Who will serve as physician assistants? In the United States, major universities offer standardized undergraduate programs for this role. In China, however, the issue of physician assistants cannot be resolved within the public healthcare system; they will inevitably come from outside the system. There is no shortage of suitable candidates for physician assistant roles in the private sector. As we previously discussed, private-domain traffic and the transition of pharmaceutical sales representatives present significant opportunities. We must support physicians by participating in the patient care process, helping them achieve the goal of improving patient satisfaction.
We predict that the ultimate model will be crowdsourcing, with a large number of service personnel participating in the process of doctors serving patients. Only the crowdsourcing model can drive improvements in service satisfaction and expand the scale of high-quality medical services overall, thereby achieving the “expansion of high-quality medical resources” mentioned in the Report to the 20th National Congress of the Communist Party of China, and promoting the expansion of doctors’ service capacity through division of labor.
Participating in the West China Pharmaceutical Conference, I have two suggestions:
First, both industrial and retail enterprises must proactively engage with third-party platforms to be included in physicians’ drug formularies;
Second, professionals should proactively integrate into the physician team. For instance, in the past, physicians and nurses were not trained to adjust ventilators; only engineers from manufacturers possessed this expertise. Consequently, these engineers joined the clinical team. The expansion of such service scales represents a major future scenario, wherein physician service teams will comprise a diverse array of roles, including dietitians, rehabilitation therapists, technicians, pharmacists, and physician assistants, among others.
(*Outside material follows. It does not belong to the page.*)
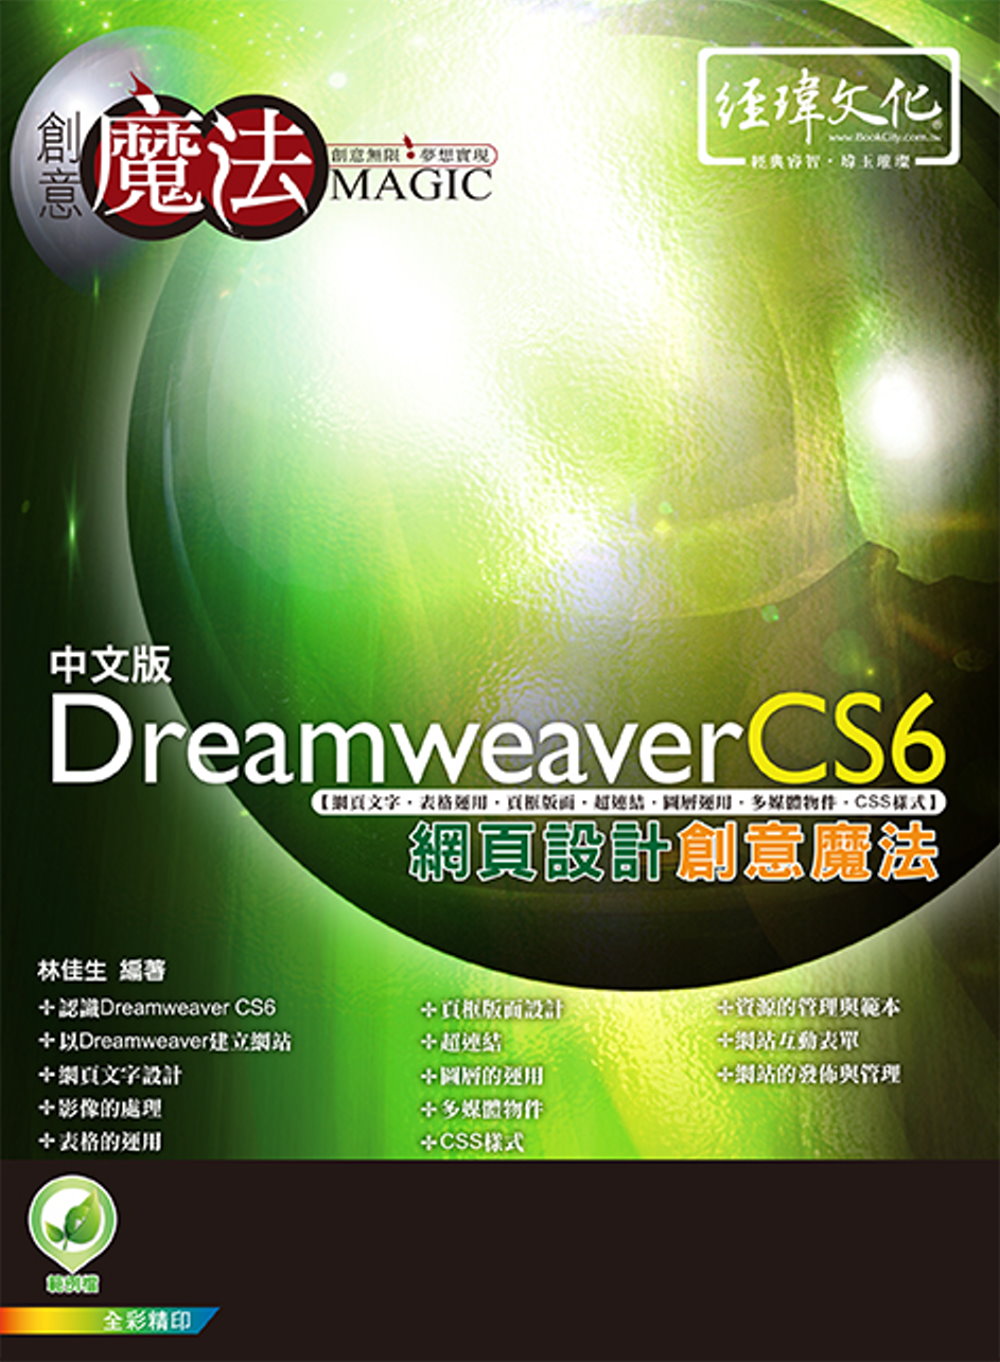 Dreamweaver CS6 網頁設計創意魔法(附綠色範例...

For all pharmaceutical supply companies, it does not matter if they cannot enter hospital pharmacies or participate in centralized volume-based procurement; as long as they can access physicians’ own pharmacies, they can align with physicians’ prescriptions, which presents a significant opportunity.
What are the challenges? The internet era is an era without privacy, where everything is placed under the spotlight. In the next era, the rationality of physicians’ medication practices will be more subject to public scrutiny, and all internet platforms must adapt to patients’ needs. For instance, Haodf Online has introduced a scoring system for medication rationality because patients demand such metrics. If we do not provide them, other platforms will; those who do will better align with patient needs. In essence, the entire internet platform ecosystem must cater to the needs of patients and end consumers.
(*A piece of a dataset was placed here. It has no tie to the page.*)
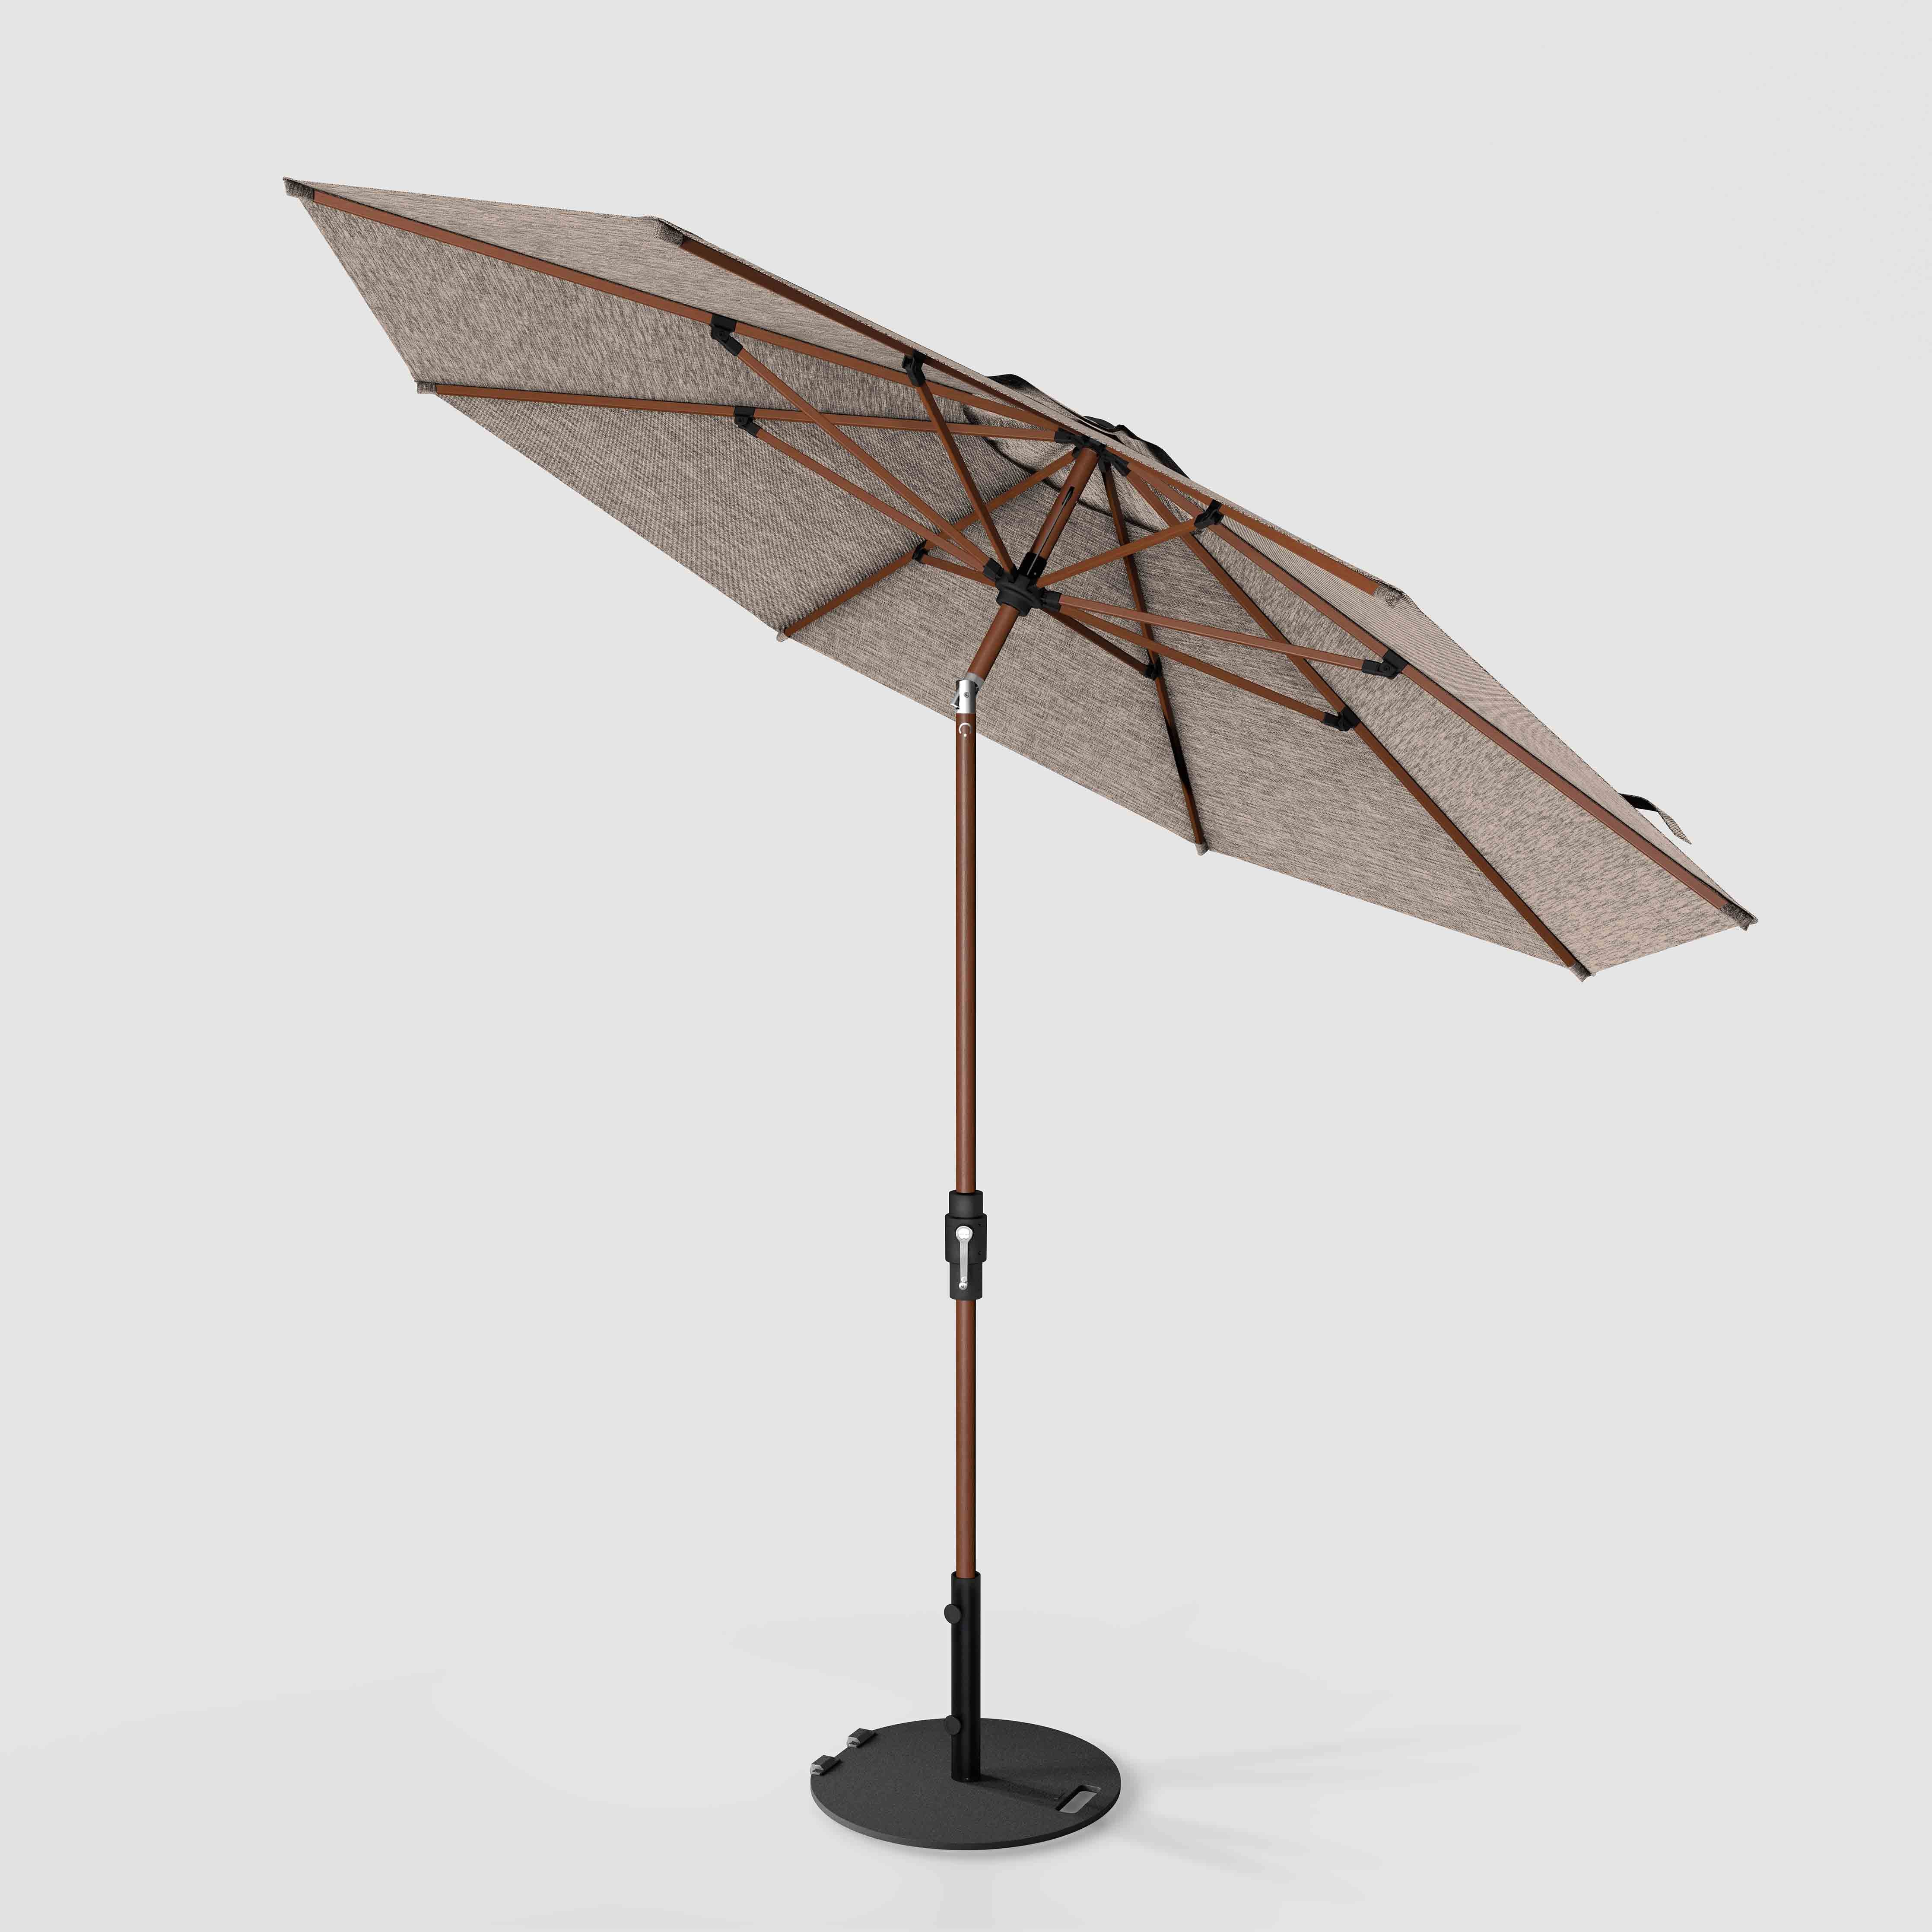 The Wooden 2™ - Sunbrella Cast Shale

Another misconception: Is it necessary for an industrial enterprise to build its own internet hospital?
I do not recommend this approach. Each professional should simply fulfill their responsibilities within their respective domains. Service platforms driven primarily by pharmaceutical sales have no viable future, as such a model inevitably prioritizes meeting sales targets, encouraging physicians to write more prescriptions, and increasing product promotion. Instead, service platforms should make customer satisfaction their sole objective, with all participants focusing on executing their designated roles effectively.
The underlying logic of internet-based healthcare lies in patients’ expectations for high-quality services. Reasonably meeting these expectations for premium medical care is the optimal approach and represents the ultimate goal of all services in the internet era.